-- Source data --
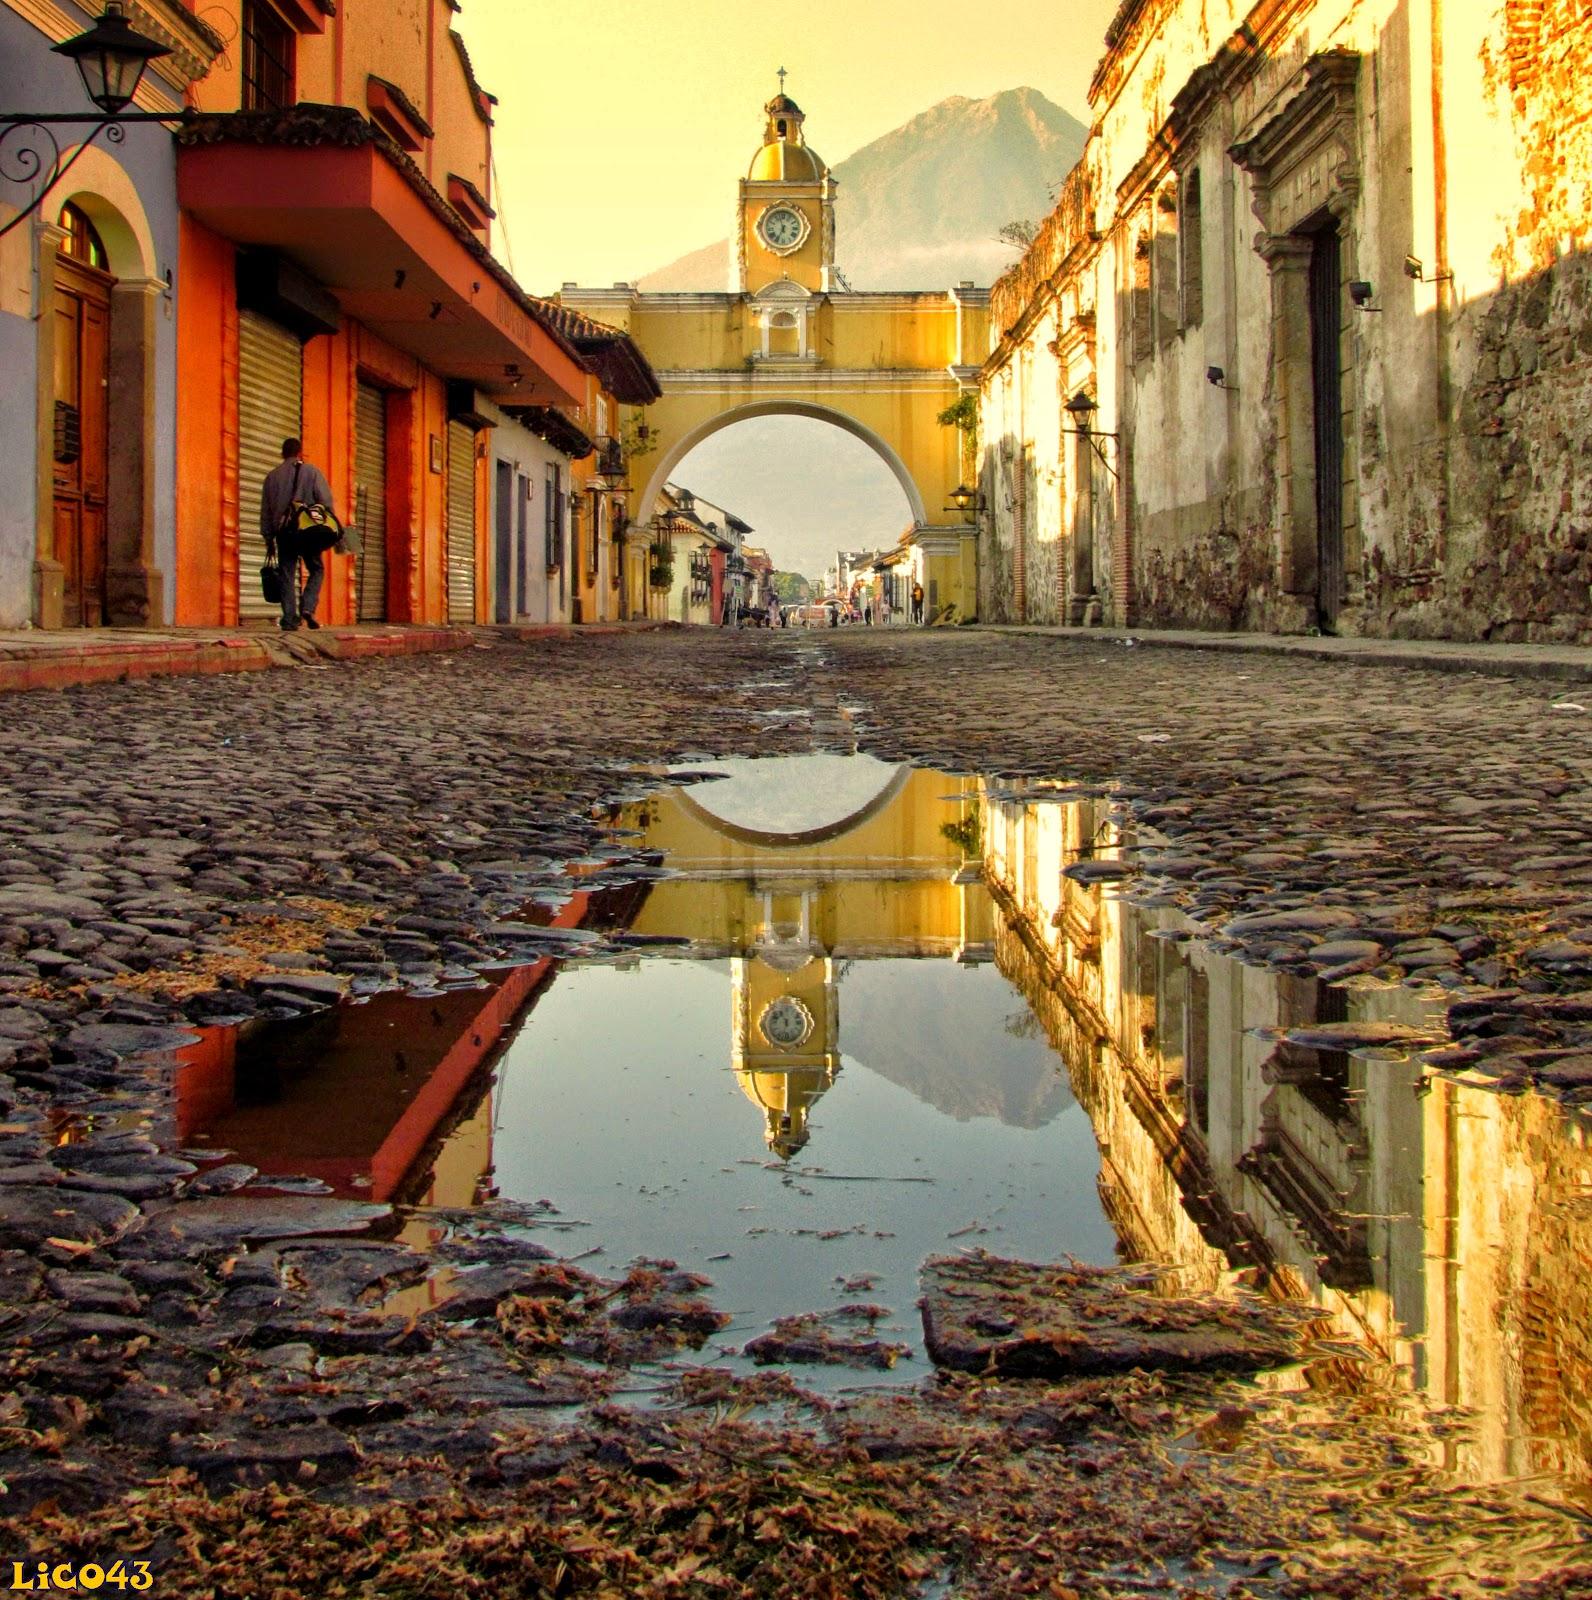 Paisajes de Guatemala   VillaGT - Belleza, humor y cultura de ...
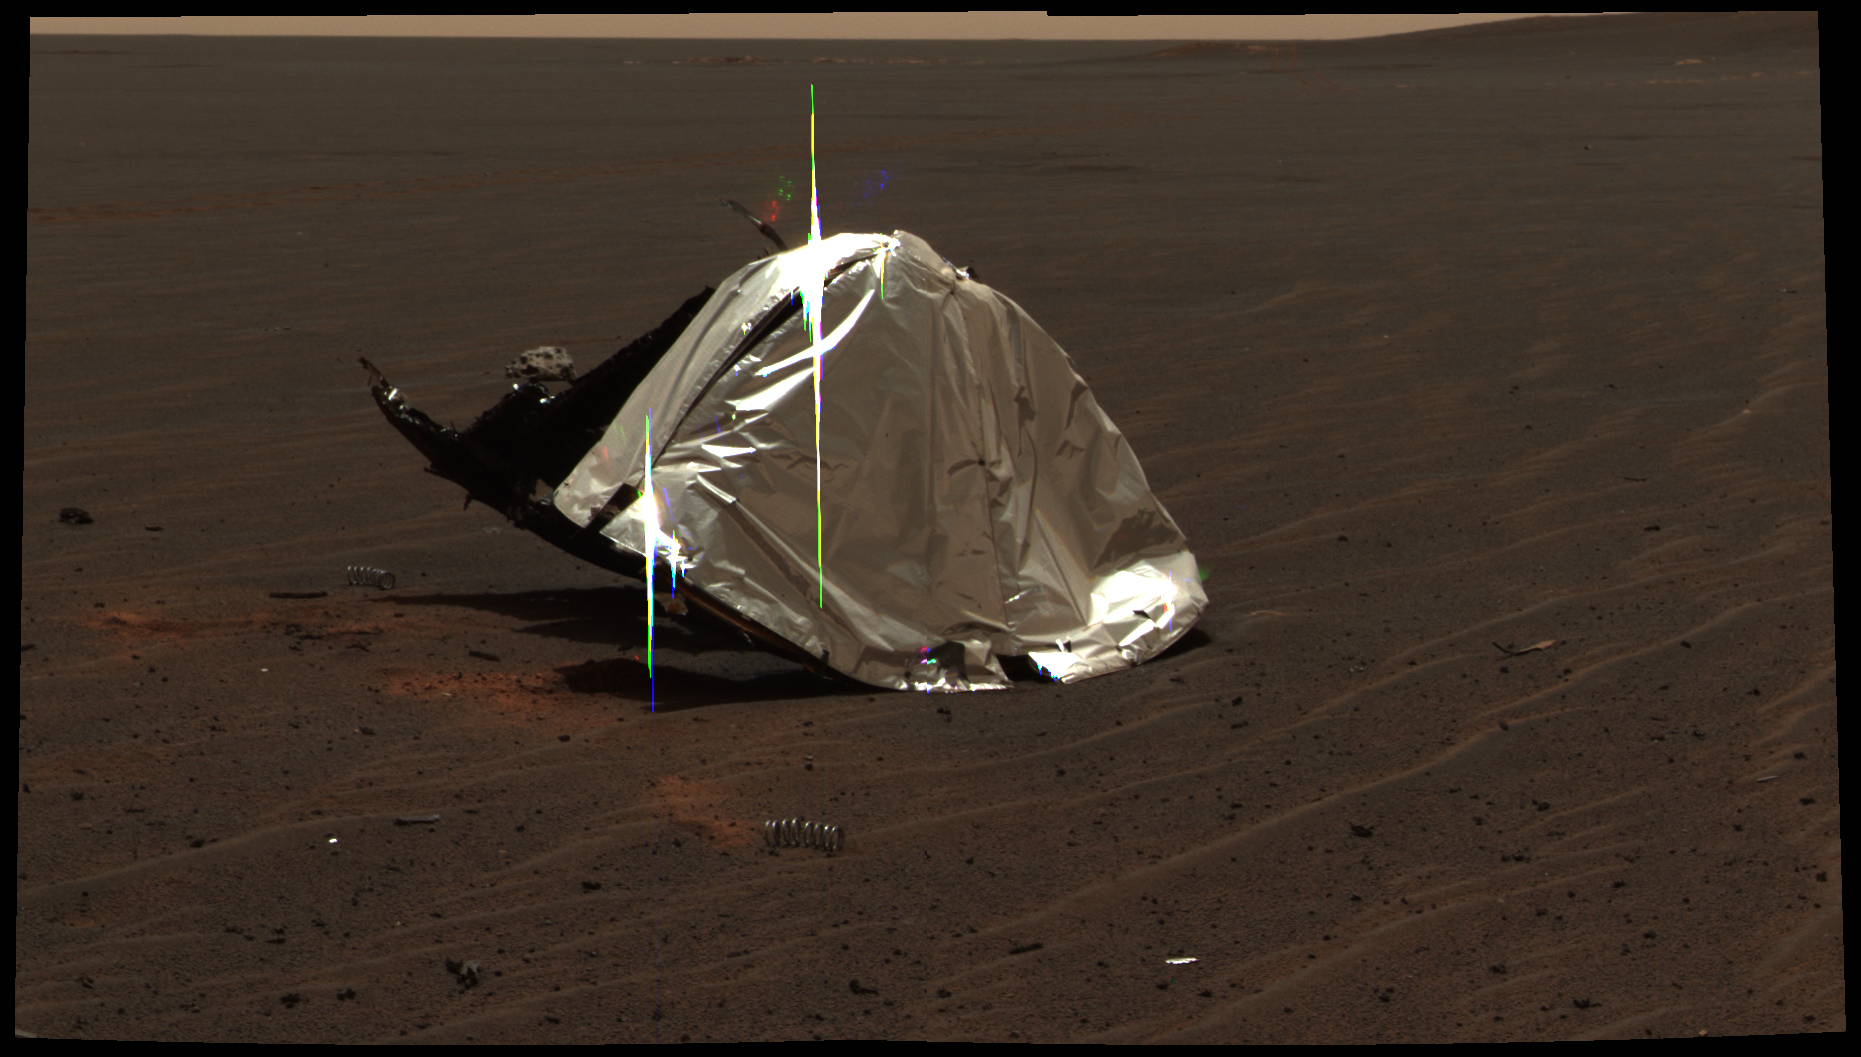 Tepelný štít roveru Opportunity. Za ním vlevo lze vidět první meteorit nalezený mimo Zemi
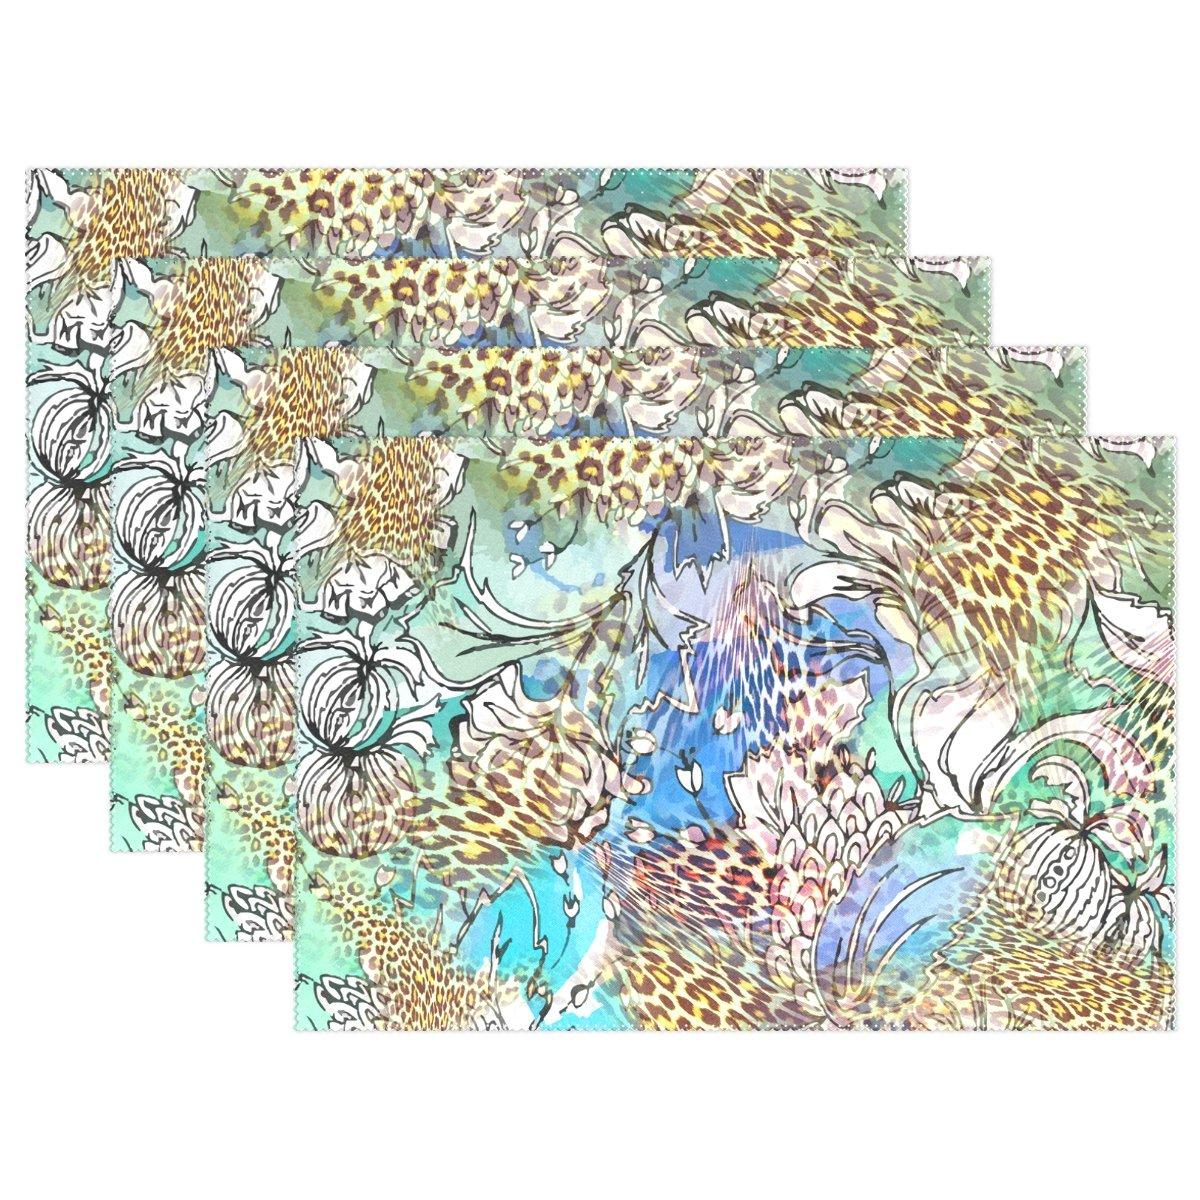 抽象Leopard背景印刷、プレースマットalirea耐熱プレースマット汚れ防止滑り防止洗濯可能ポリエステルテーブルマット非スリップEasy Cleanプレースマット、12
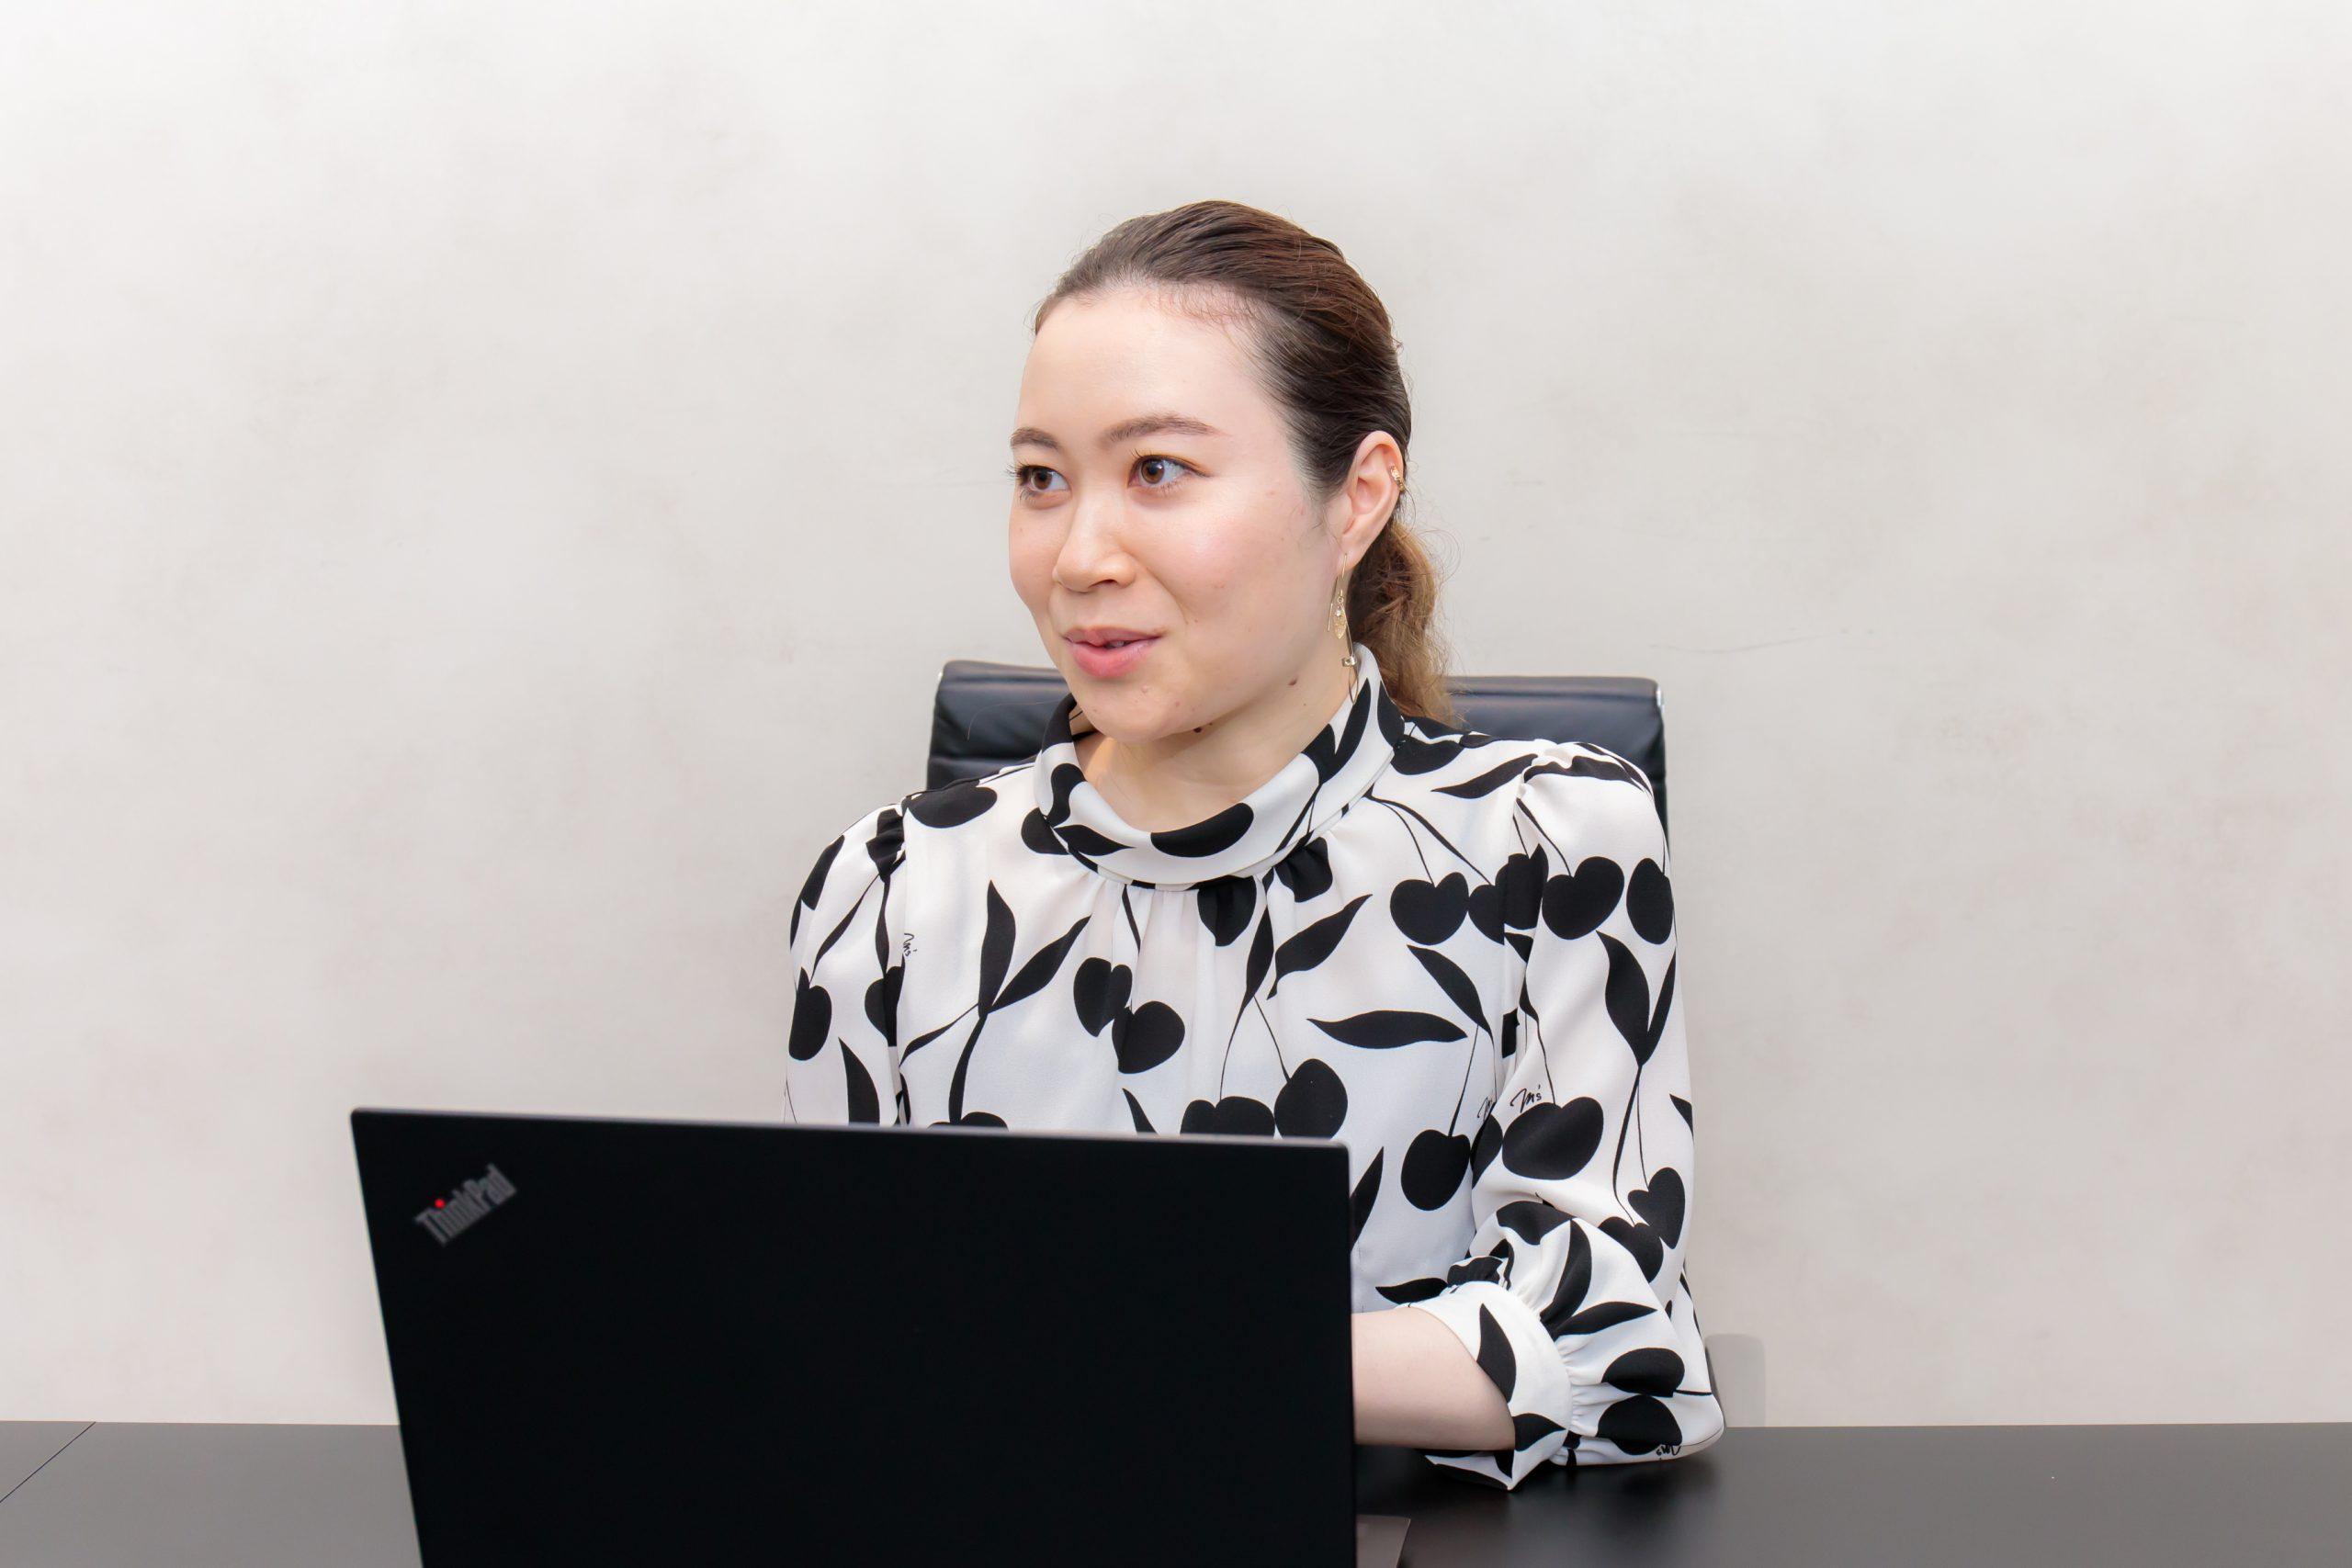 レバレジーズ株式会社 マーケティング部 CRMチーム 吉野 めぐみ さん

-- What you should do --
The required output consists only of the lines from the one containing "抽象Leopard背景印刷、" to the last line of the material, reproduced exactly, pictures excluded.

-- Solution to this task --
 抽象Leopard背景印刷、プレースマットalirea耐熱プレースマット汚れ防止滑り防止洗濯可能ポリエステルテーブルマット非スリップEasy Cleanプレースマット、12
 レバレジーズ株式会社 マーケティング部 CRMチーム 吉野 めぐみ さん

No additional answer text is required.